Глава 4

Вечером, когда мы уже собирались ужинать, во двор, понукая уставшую лошадь, ввалился Игнат.

— Исполнено, Михаил Иванович! — доложил он с порога, протягивая мне запечатанный сургучом ответ от Вяземского. — Все, как есть, исполнено. Пакет отдал лично в руки. Степан Андреевич велел кланяться и сказать, что все понял. Не позднее чем через неделю пришлет своего главного инженера, чтобы тот на месте все осмотрел!

— Молодец, Игнат, — кивнул я, выдавая ему за труды пять рублей. — Ступай, завтра, может быть, вновь в Кунгур поедешь.

Еще один день прошел в привычном ритме: Ульяна шила, Семён точил наконечники болтов, я колдовал над чертежами.

Эта мирная рутина начинала меня убаюкивать. И зря!

Ночь опустилась на деревню, тихая и безмятежная. Слишком безмятежная. Я лежал на своей лежанке, но сон не шел. Что-то висело в воздухе. Не угроза, нет. Просто мне было не по себе.

И тут тишину разорвал сухой гулкий треск. Черт, что там такое?

Я сорвался с лежанки, на ходу натягивая штаны. Из-за стены уже доносилась сонная возня Семёна, а в окне вдруг появились отсветы пламени. Выскочив на крыльцо, я увидел, что моя мастерская горела. Неяркое чадное пламя уже лизало дерево.
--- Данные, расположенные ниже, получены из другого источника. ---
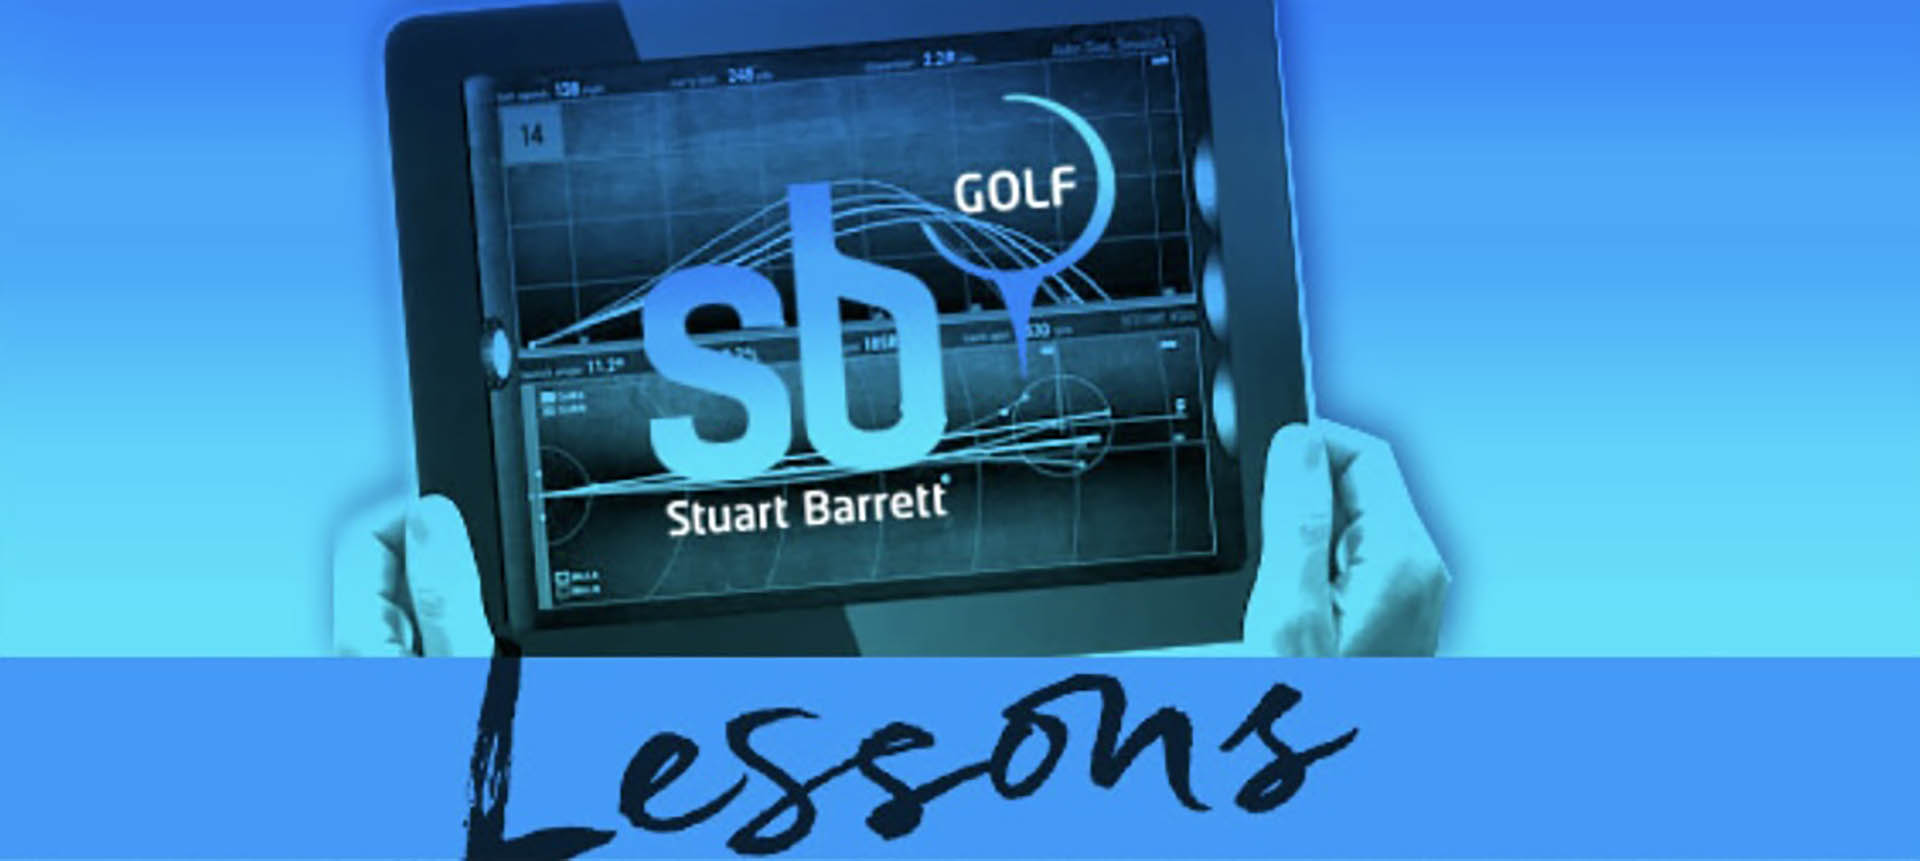 Stuart Barrett Golf Pro at the Dartmouth Hotel Golf & Spa

Кто-то швырнул через забор бутыль с горючей смесью!

— Воды! — рявкнул я Семёну, который выбежал следом с самострелом наперевес.
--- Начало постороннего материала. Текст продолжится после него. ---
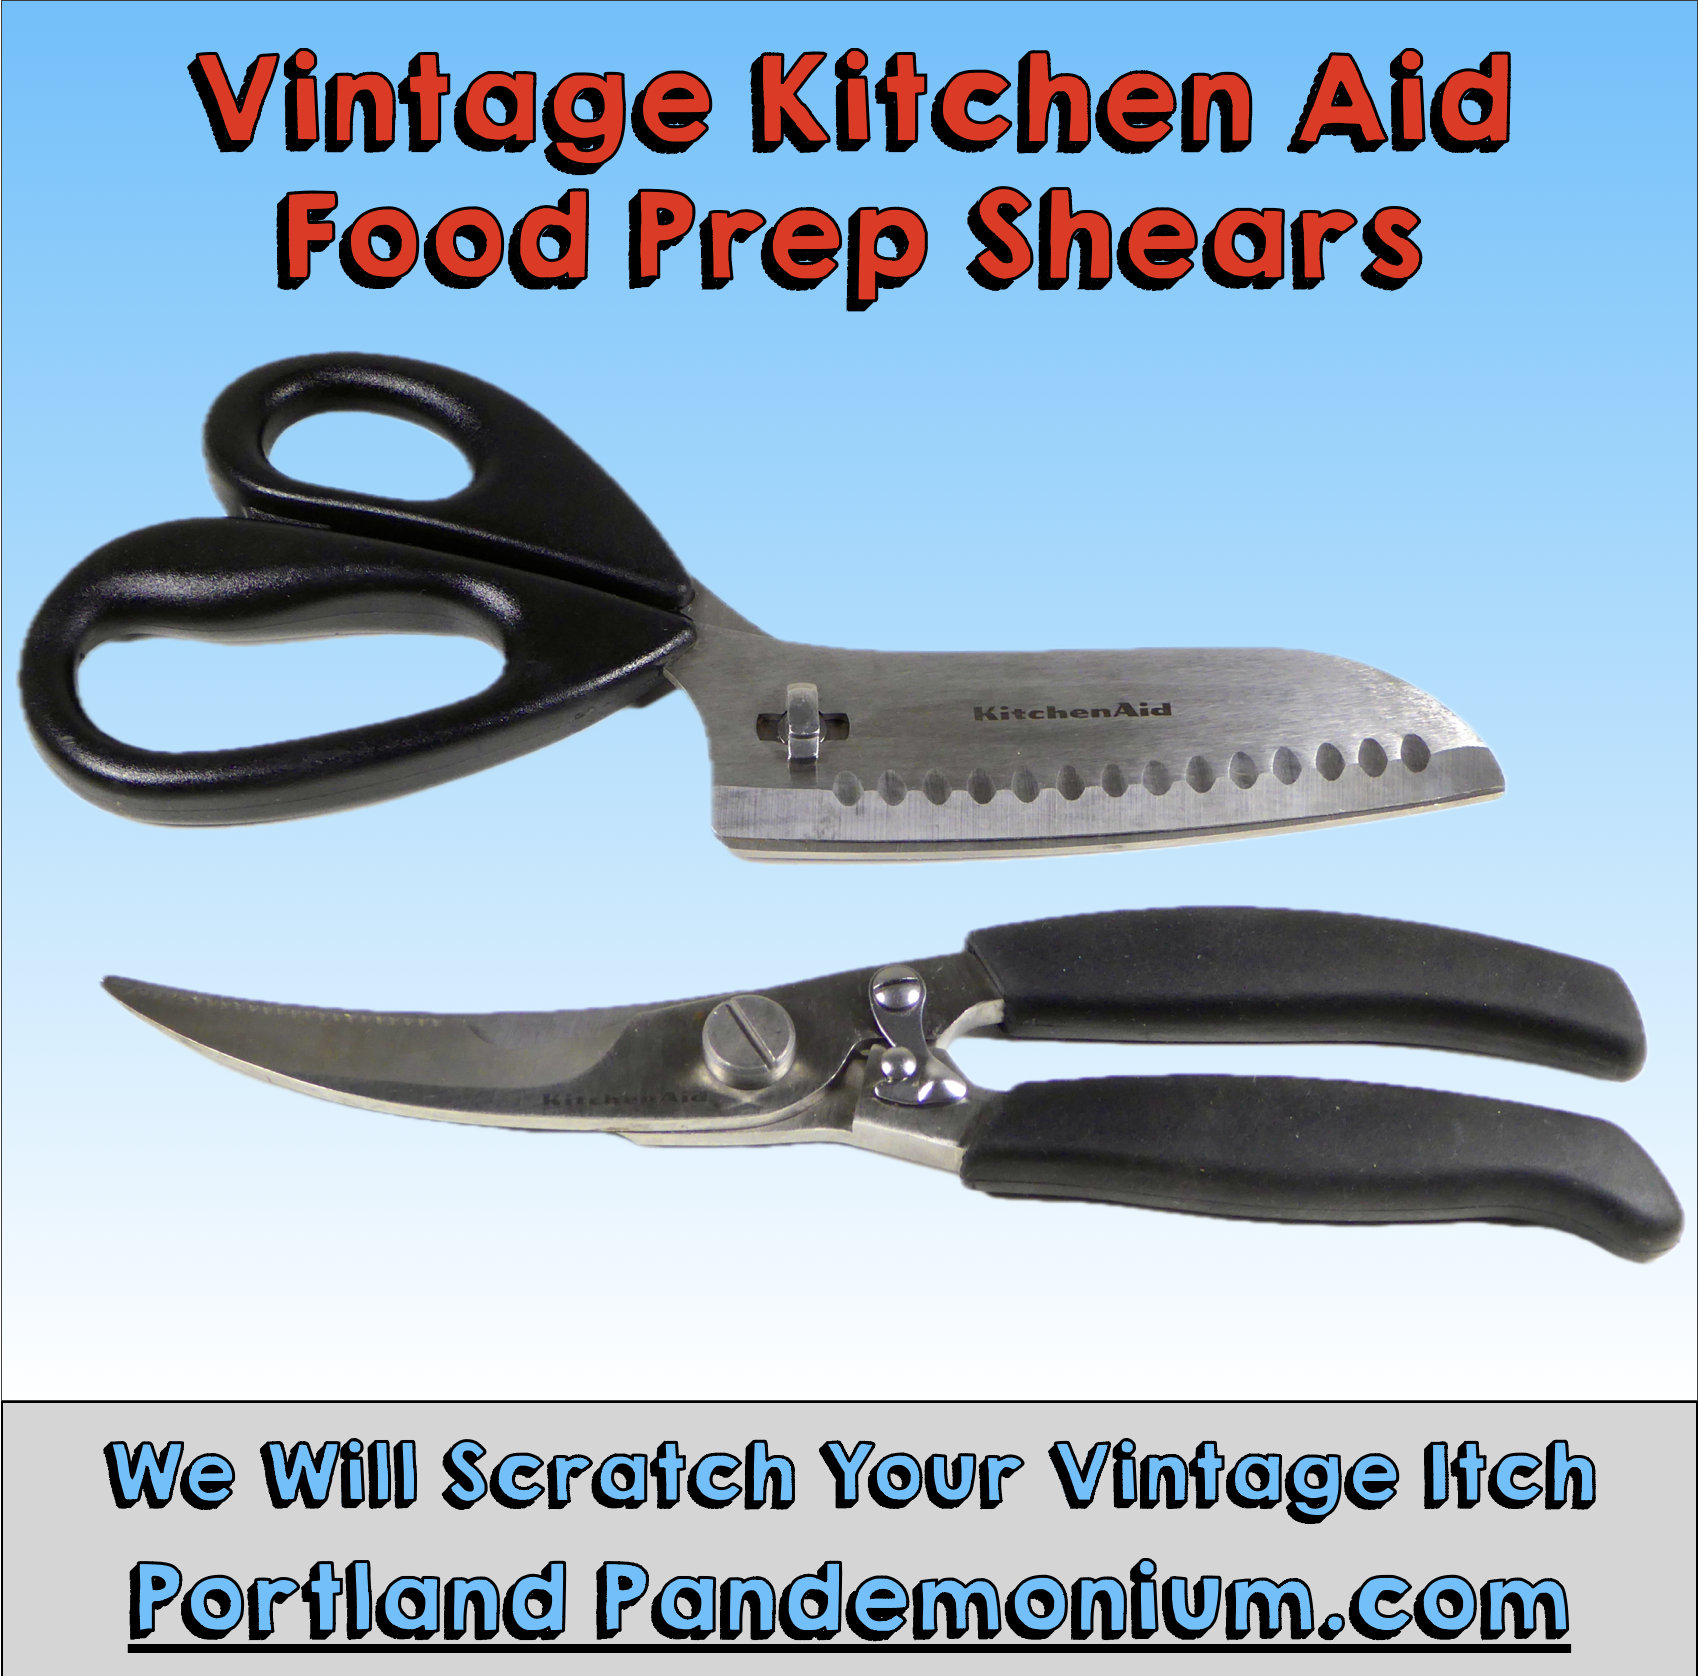 Vintage Kitchenaid Food Prep Shears, 9 Poultry Shear & 9 Utility

Но я знал — это было лишь начало.

Вторая бутыль сверкнула в свете пламени. Вылетев из-за забора, она по крутой дуге упала на крышу нашего дома. В тот самый миг, когда мое внимание было приковано к огню, сработало «Жало».

Сначала бесшумно проявился «Каспер» — темный, клубящийся сгусток у забора, среагировавший на волну ненависти, исходившую от поджигателей. А следом, с сухим, резким треском, из скрытой в заборе матрицы вырвался рой сияющих синих игл. Они прошили ночную тьму и вонзились во что-то невидимое.
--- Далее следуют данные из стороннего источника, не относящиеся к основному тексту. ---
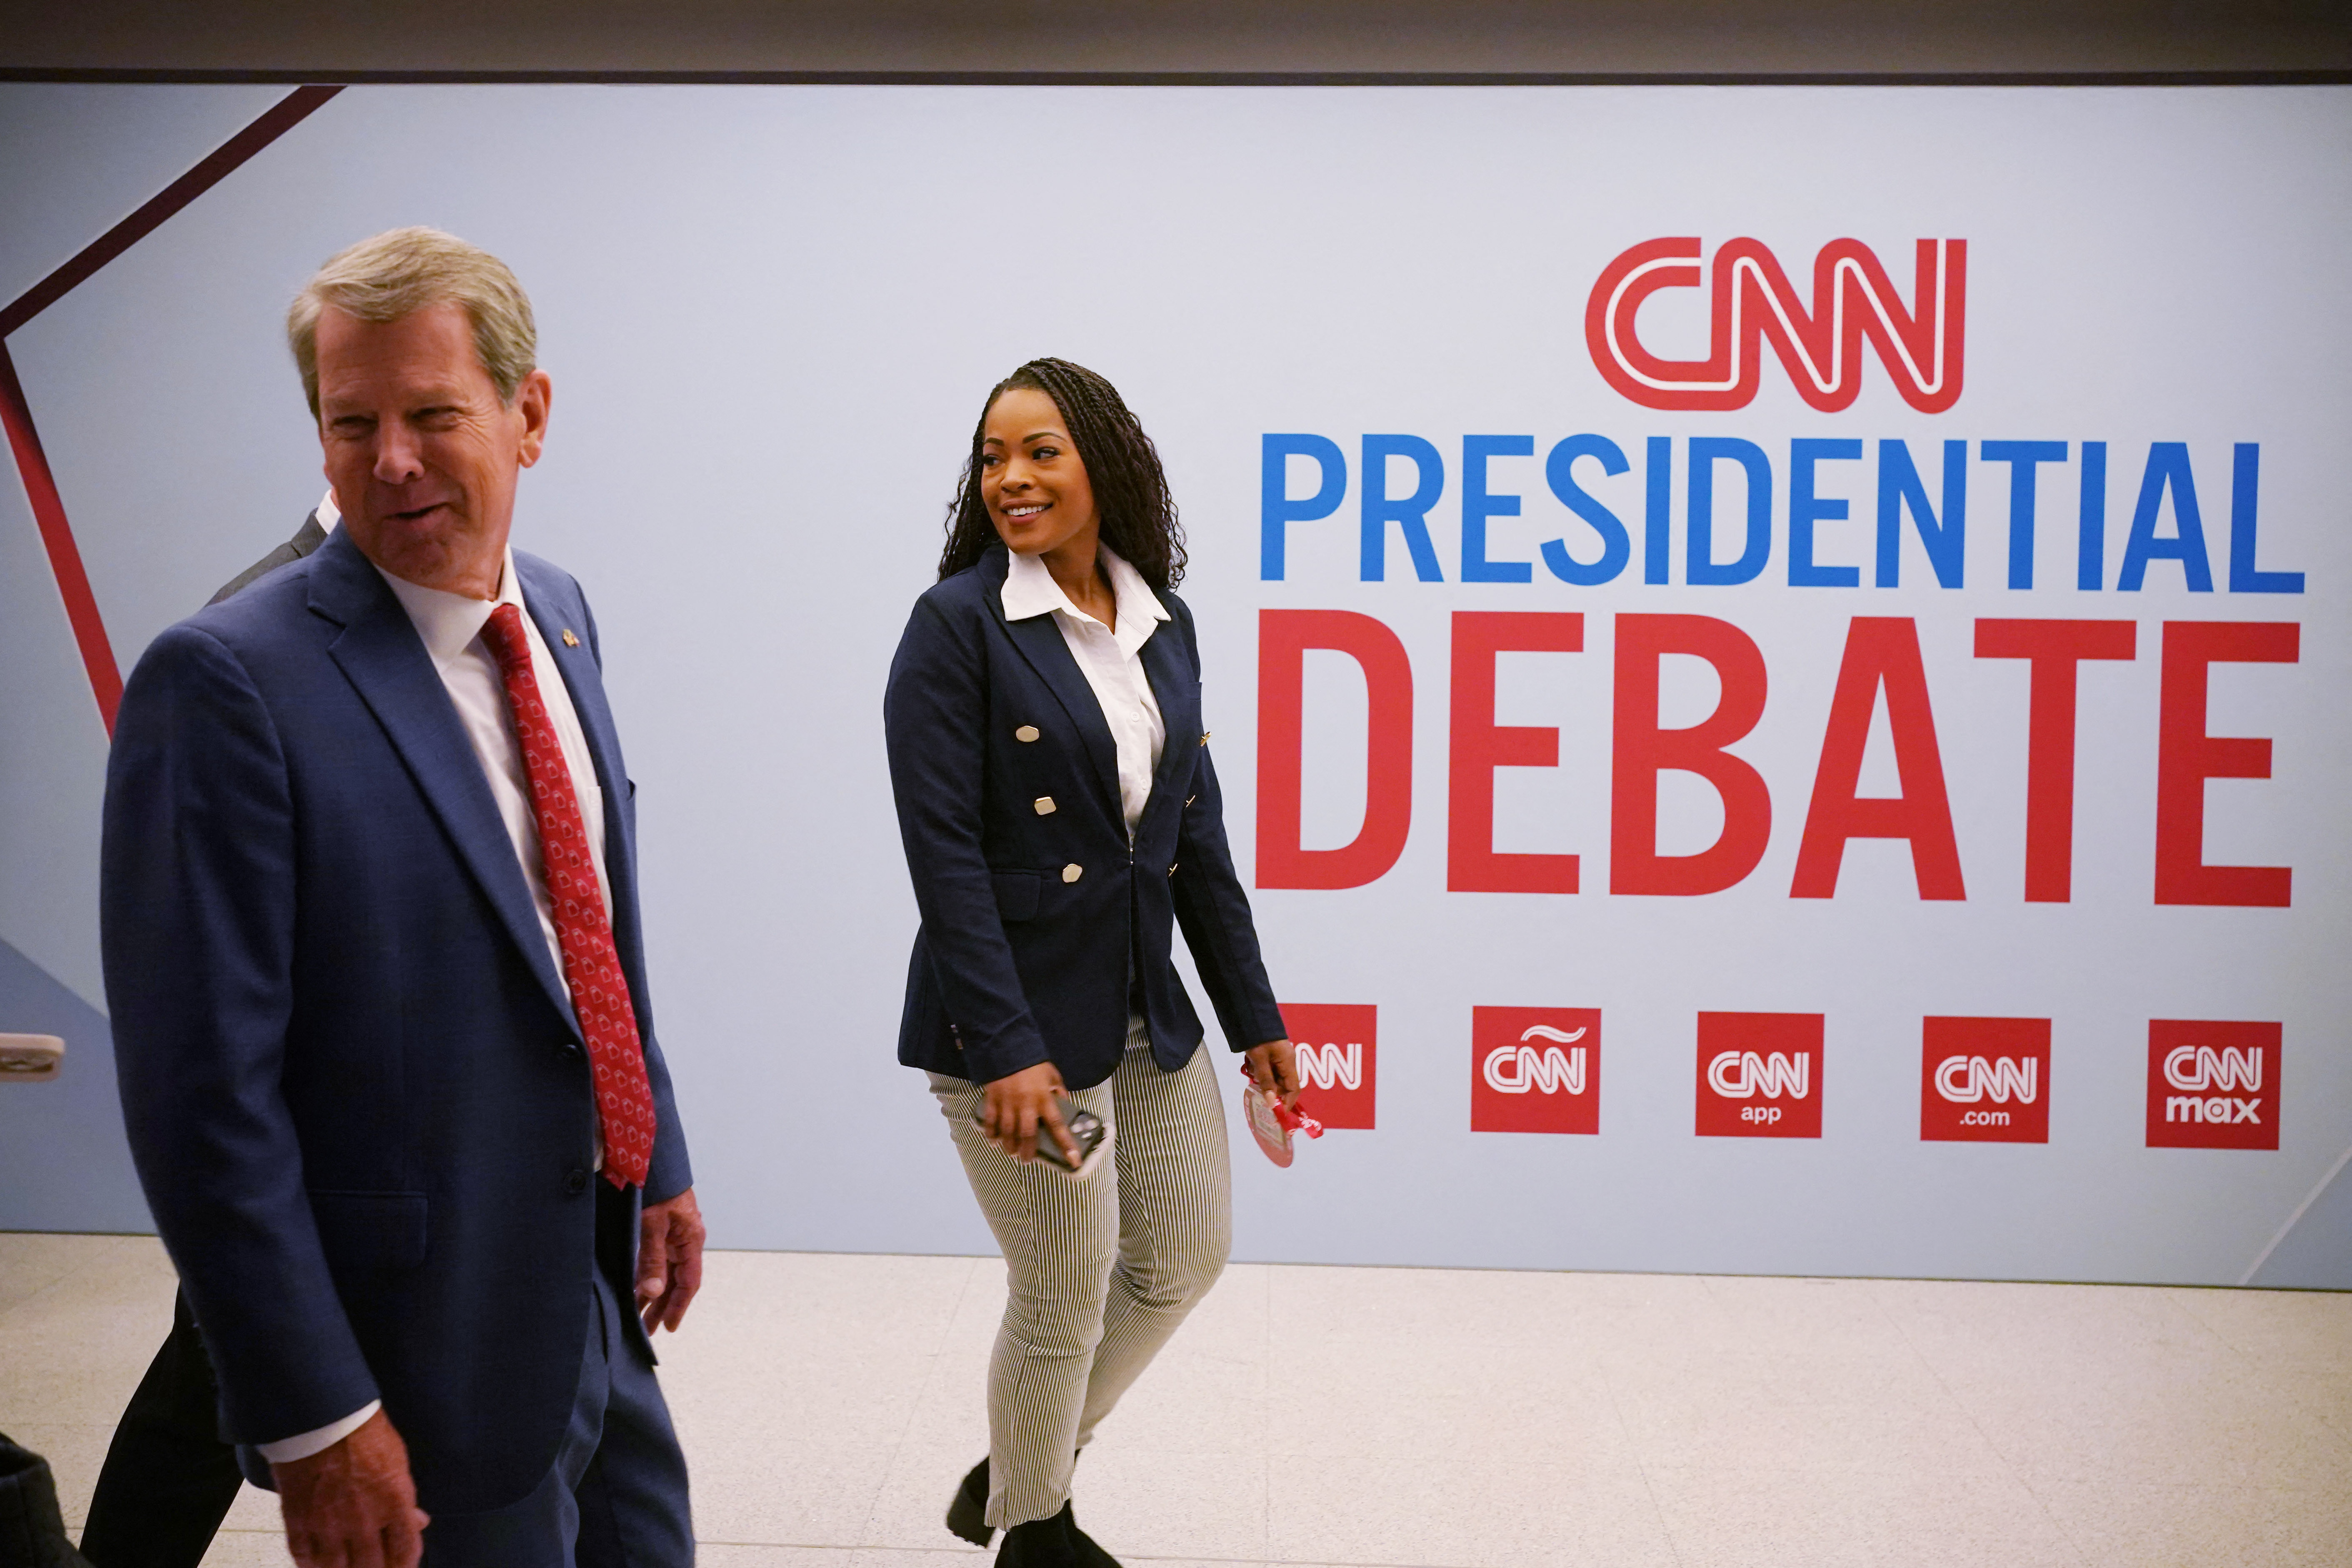 Biden, Trump face off in first presidential debate in Atlanta

Раздались два коротких, сдавленных вскрика. Энергокнут сам собою выскочил из моей ладони, и ночь на миг озарилась яркой синей вспышкой. Распахнув ворота, я увидел как две тени, прятавшиеся у забора, дернулись в уродливой, пляшущей конвульсии и мешками рухнули на землю. Почему «Каспер» не среагировал сразу понятно — издалека первый раз кинули, а вот для того, чтобы попасть в дом, им пришлось уже ближе подойти.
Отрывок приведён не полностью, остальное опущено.